Update  the sequence after instantiation

from collections import Counter

c = Counter()

data = ['Python', 'C++', 'Java', 'Python', 'C++', 'Python']
#update the counter
c.update(data)

print(c)
Output:
Counter({'Python': 3, 'C++': 2, 'Java': 1})[Finished in 0.010674295015633106s]

Counter methods

Since the Counter class is a subclass of the dict class, it inherits  all of the methods of the dict class. It also defines other useful methods which includes:  

method description
most_common(n) Returns a list of tuples showing the n most commonly encountered elements and their respective counts.
elements() Returns an iterator over the elements of the
subtract(iterable = None, **kwargs) Subtracts counts of elements in the given iterable from the current counts.
update(iterable = None, **kwargs) Updates the Counter with the elements from another iterable.

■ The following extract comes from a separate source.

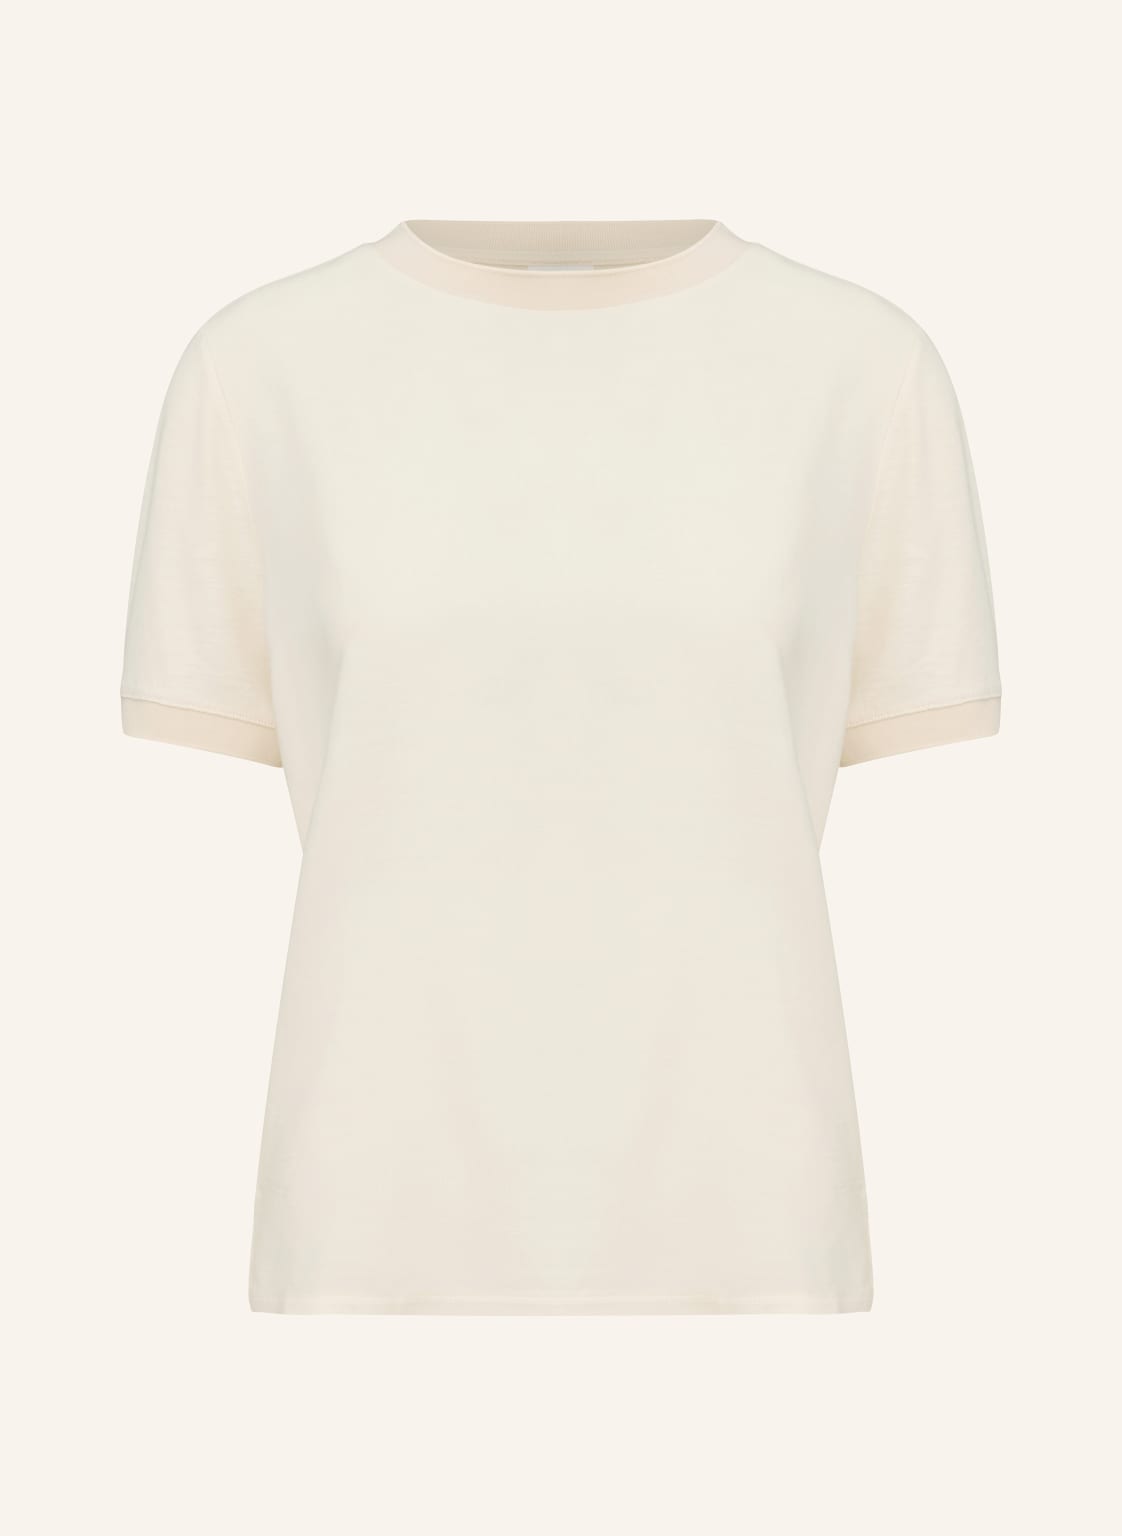 Comma Casual Identity T-Shirt beige von comma casual identity

Get the n most common elements

The most_common() method returns the most common elements as per the given integer argument. It returns a list  containing tuples of the form (item, frequency) in descending order of frequency. 

Syntax:
most_common(n)
ExampleEdit & Run
from collections import Counter

data = ['Java', 'Python', 'Java', 'C++', 'Python', 'PHP', 'C++', 'Java', 'PHP', 'Java', 'Python']

c = Counter(data)

print(c.most_common(3))
Output:
[('Java', 4), ('Python', 3), ('C++', 2)][Finished in 0.010987699031829834s]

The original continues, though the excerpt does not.